Data section:
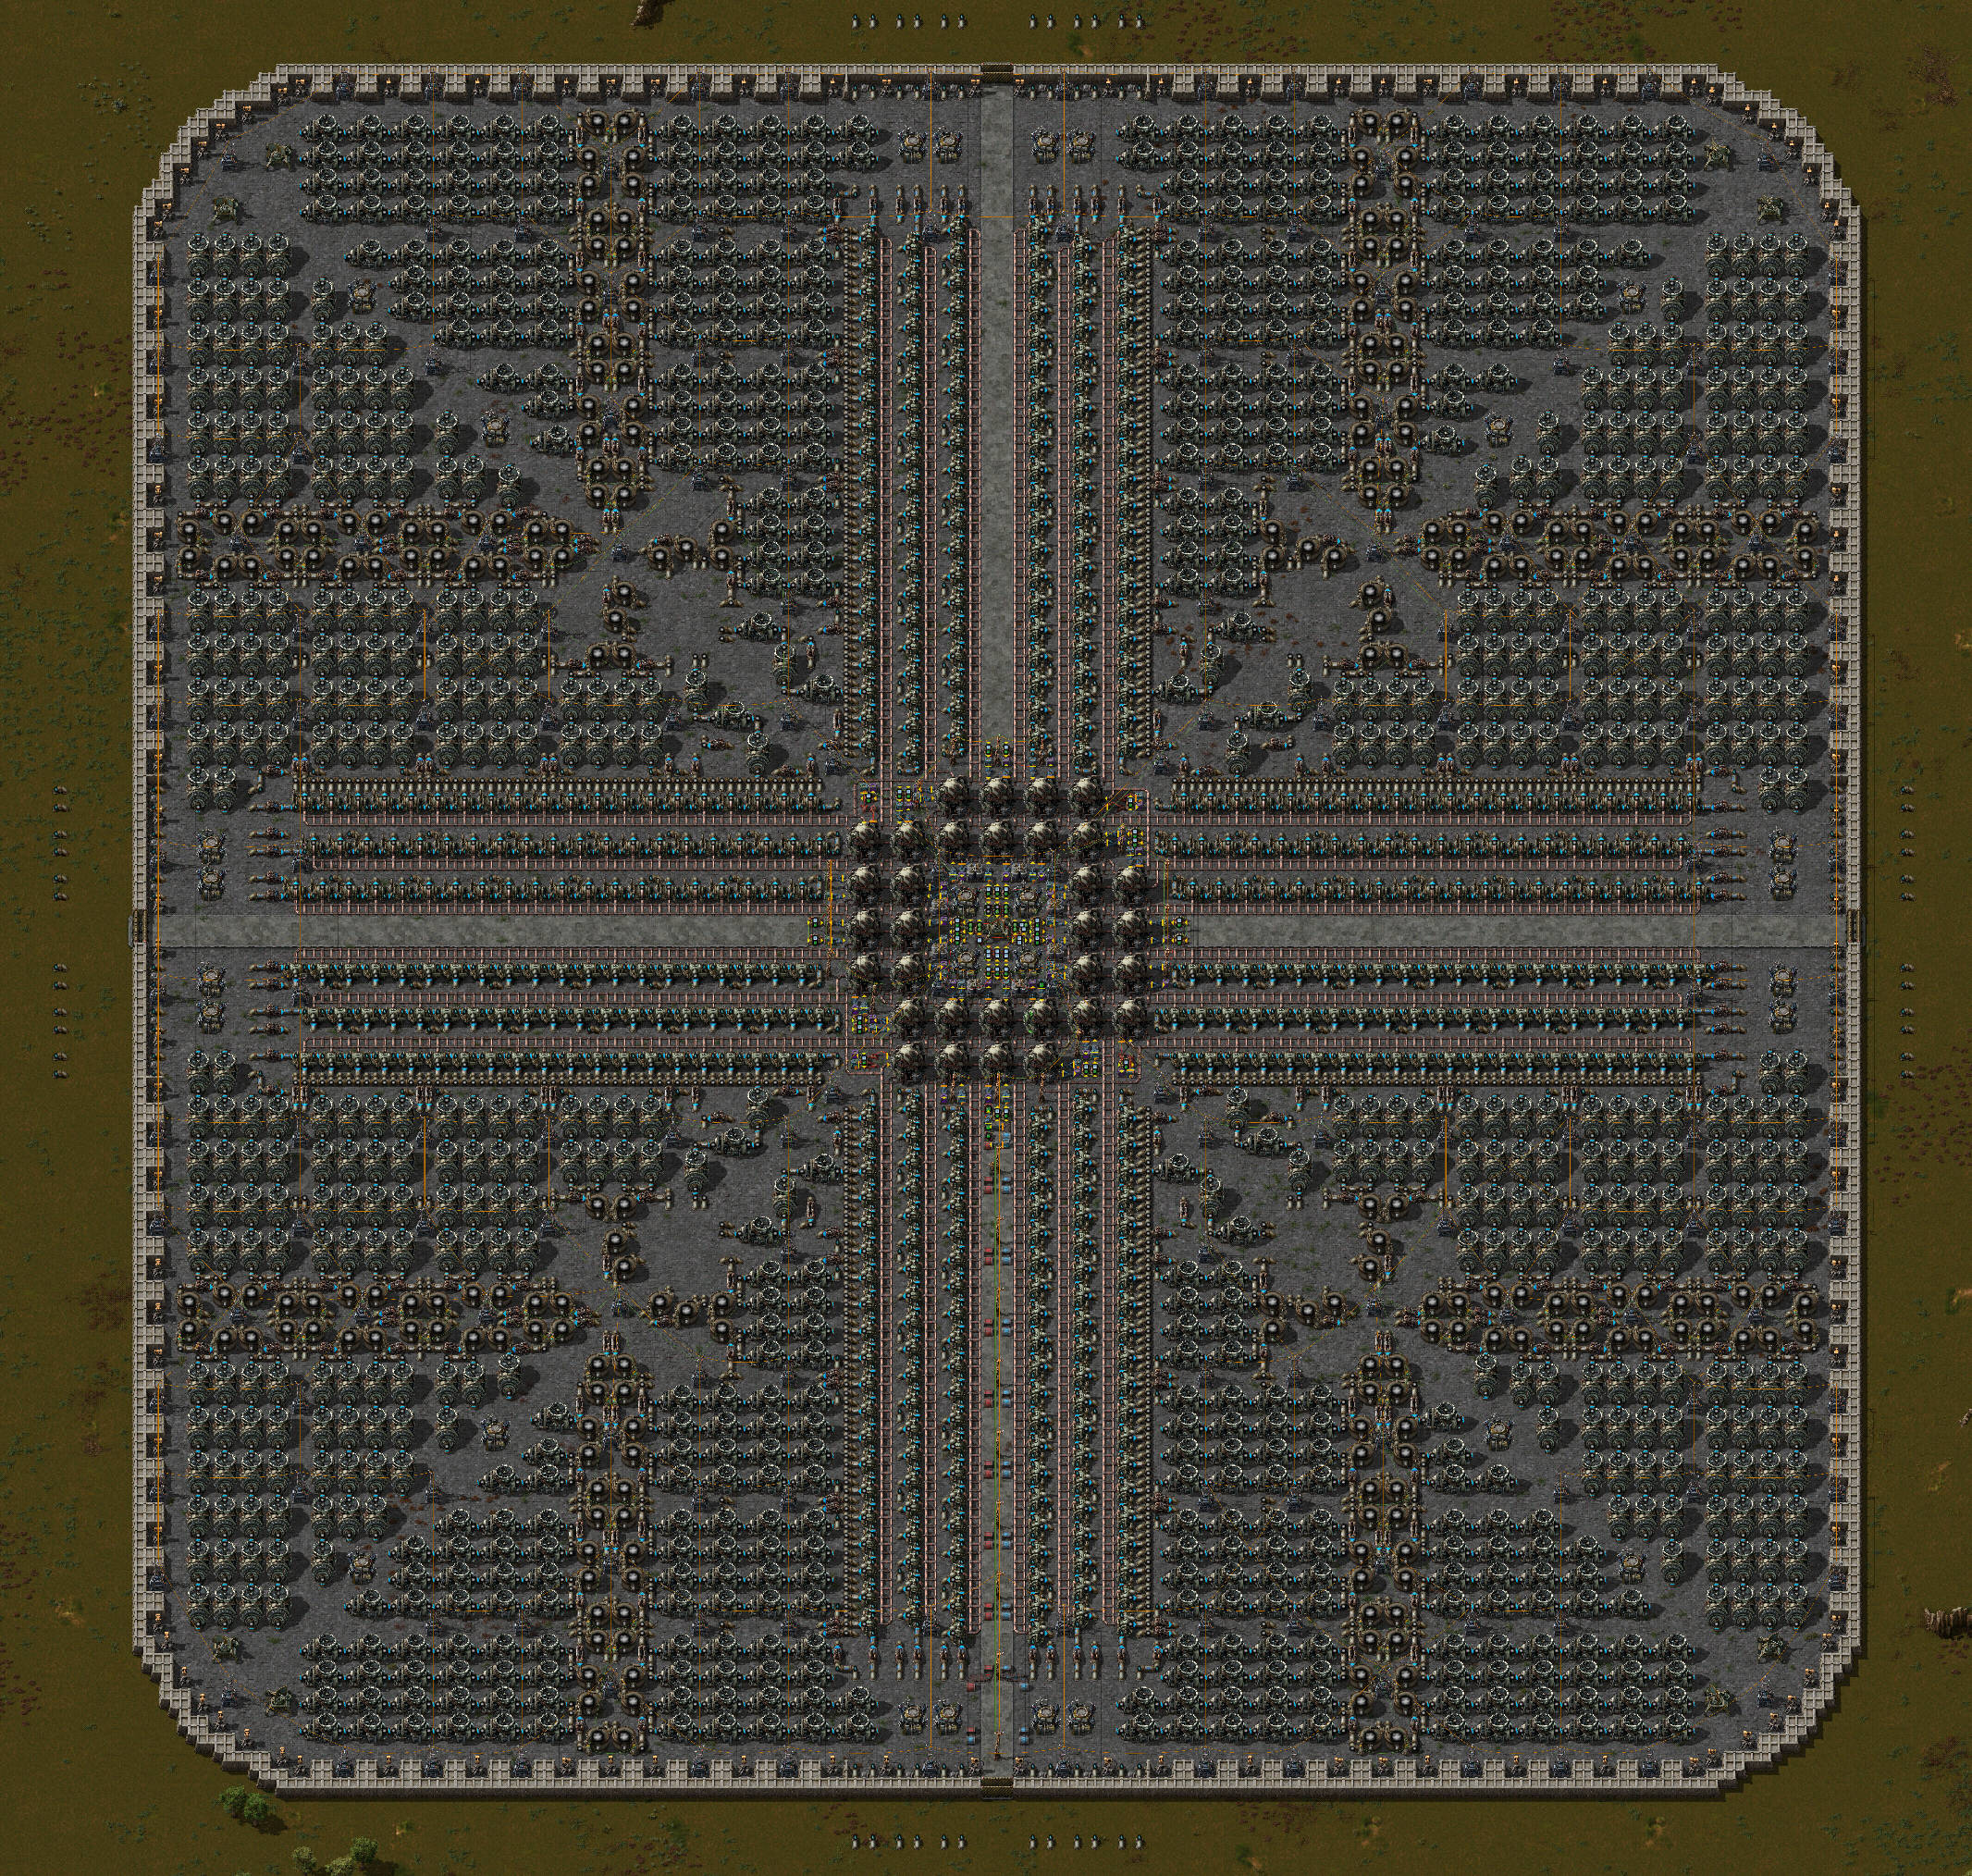 Reactor Overview
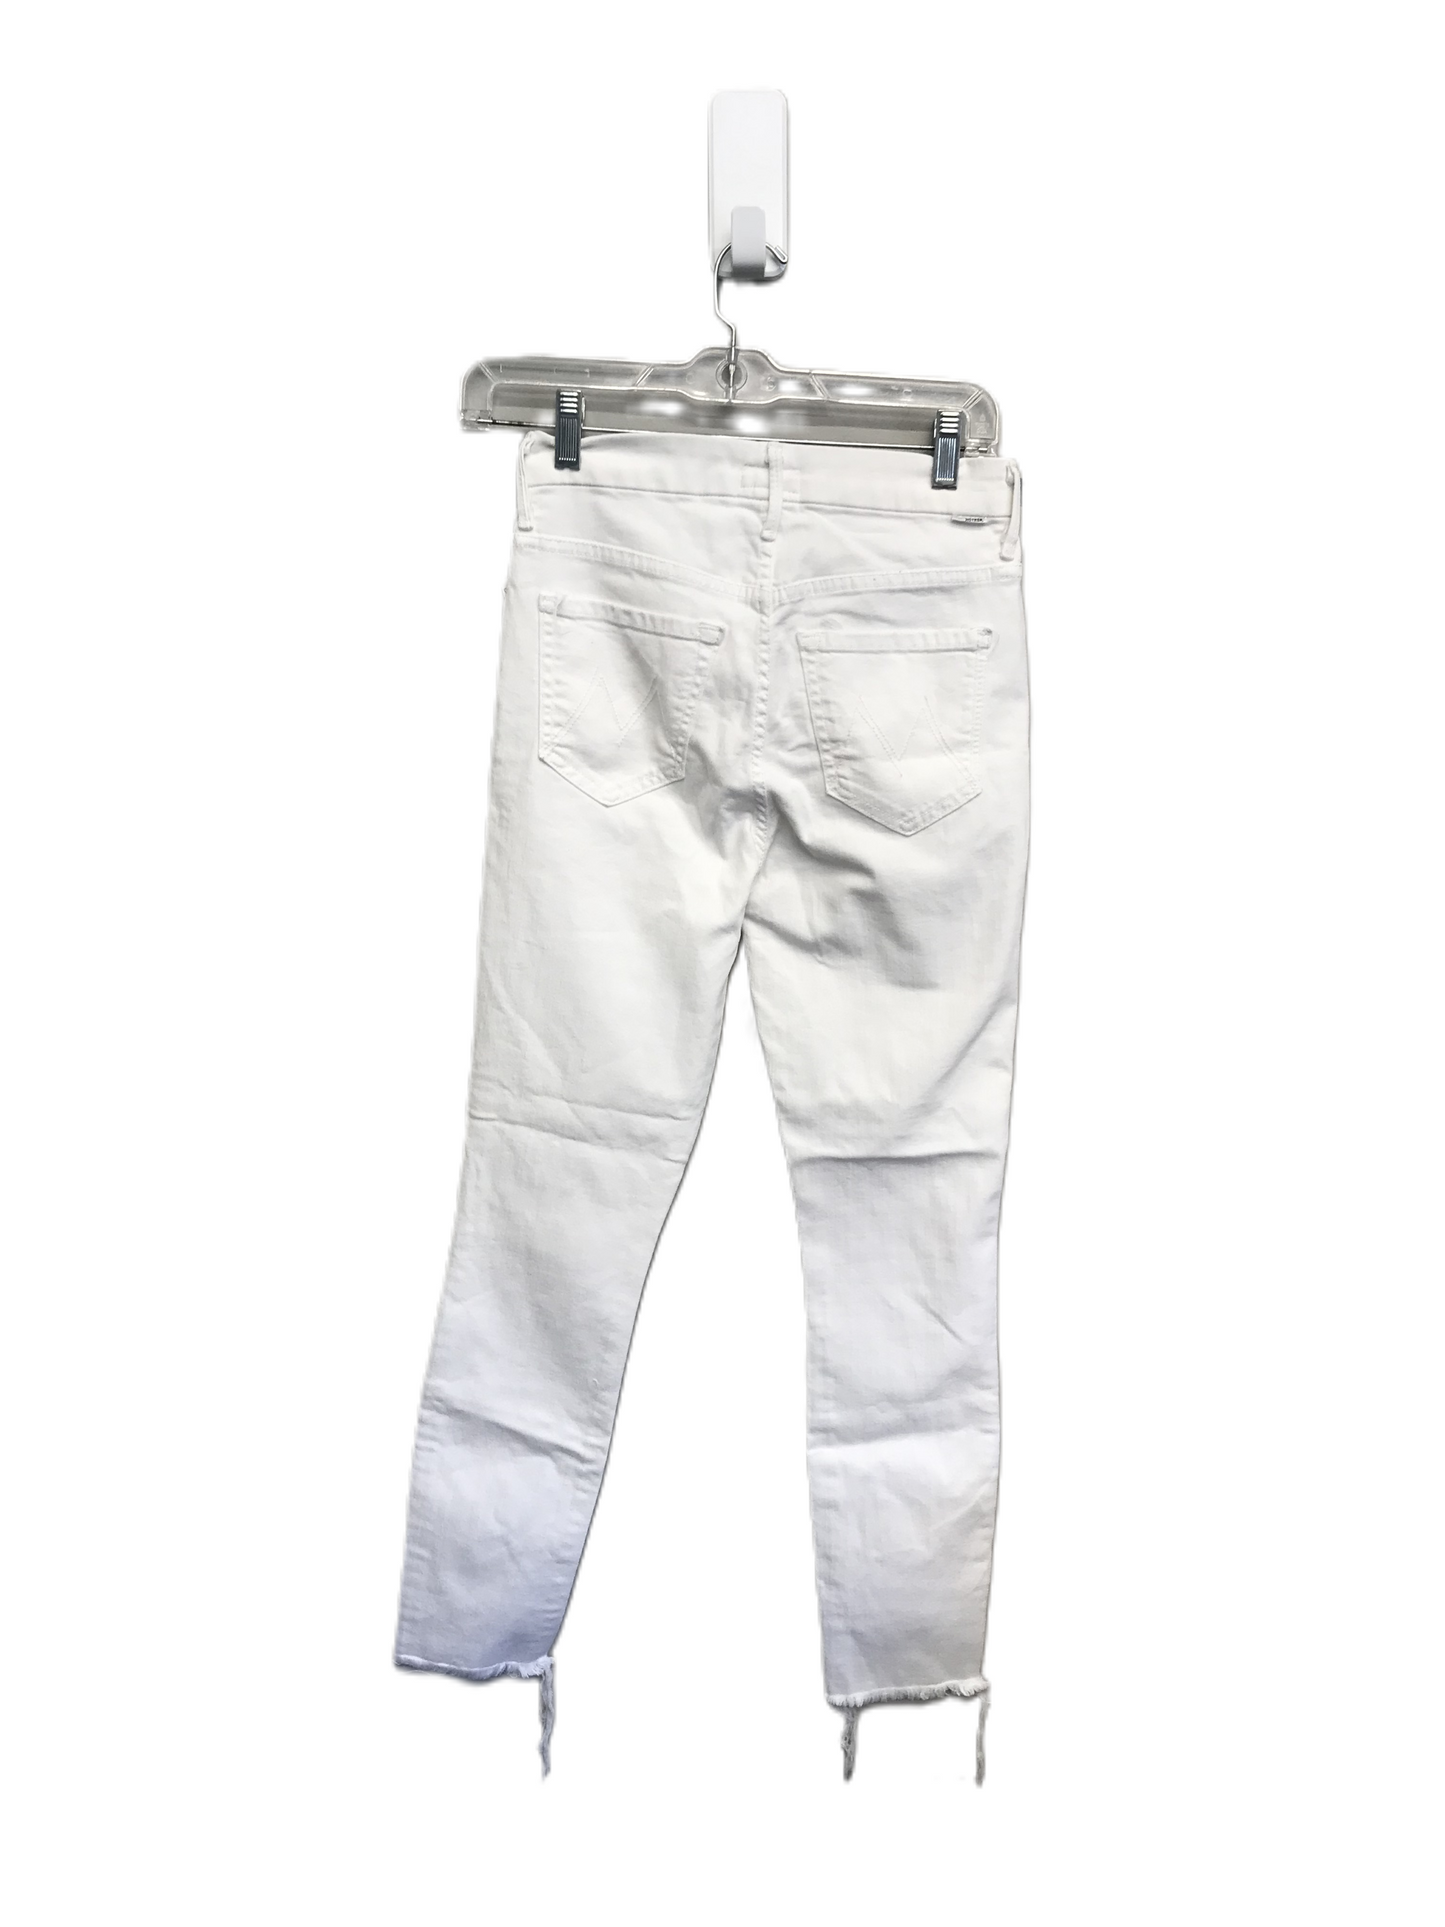 White Denim Jeans Designer By Mother Jeans, Size: 2
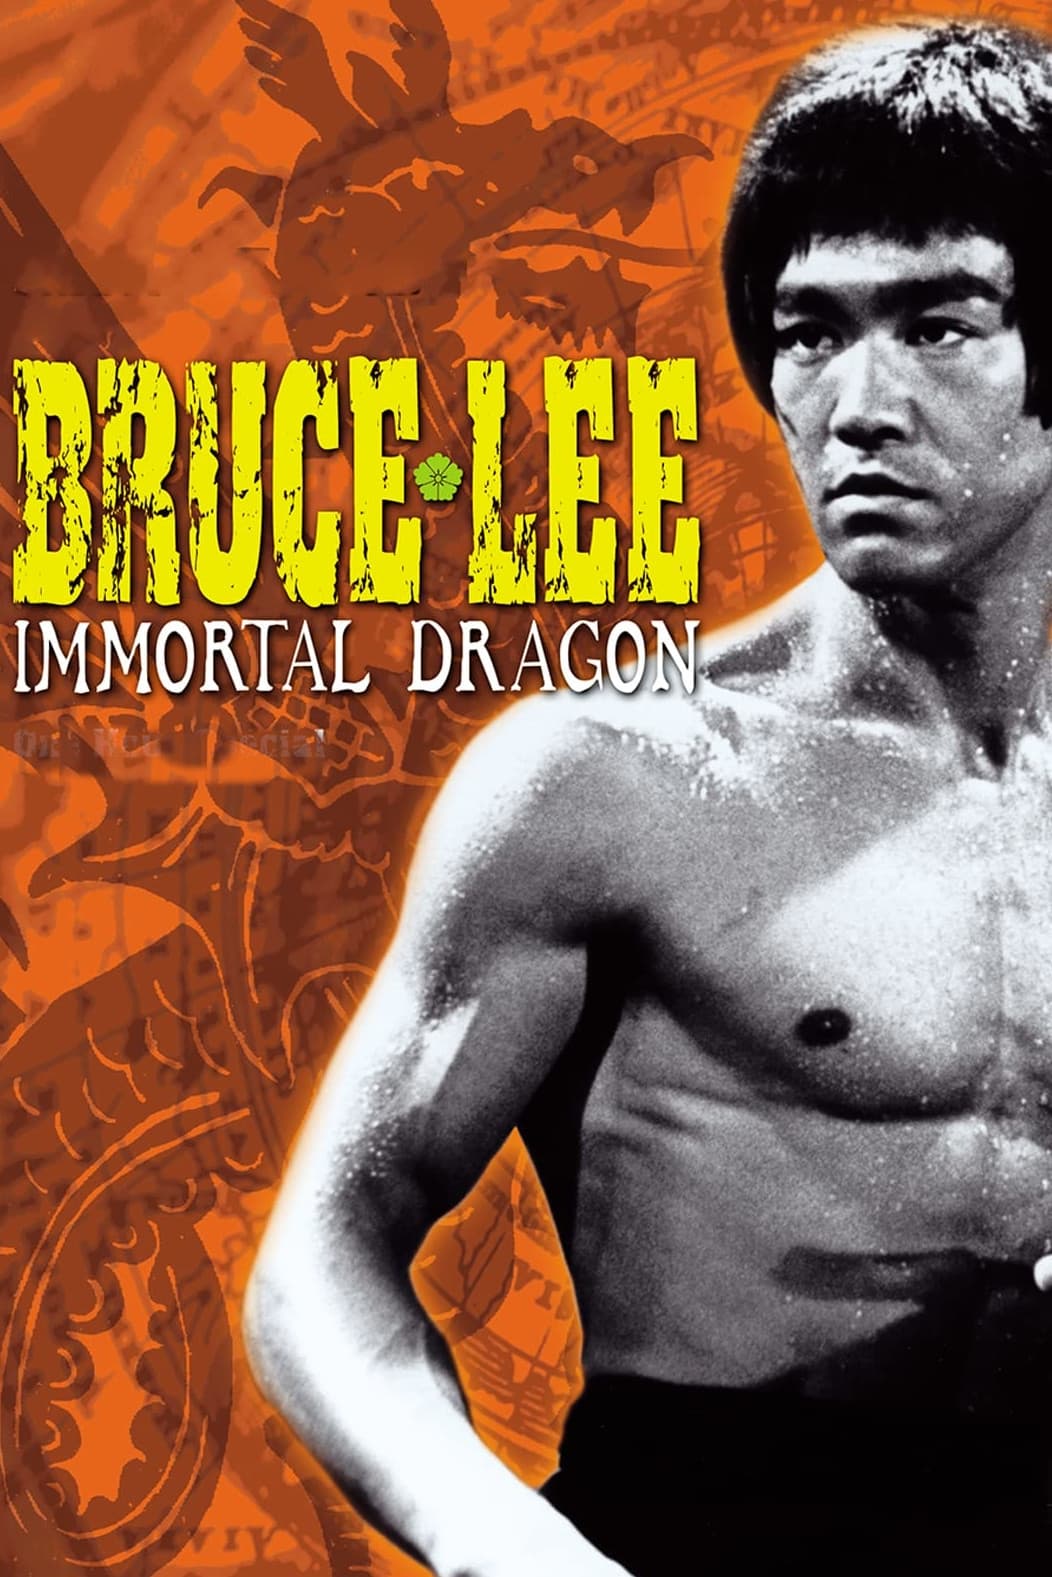 Bruce Lee: The Immortal Dragon (1994)

Exercise instructions:
Copy every line above exactly; images stay out.

Finished task:
 Reactor Overview
 White Denim Jeans Designer By Mother Jeans, Size: 2
 Bruce Lee: The Immortal Dragon (1994)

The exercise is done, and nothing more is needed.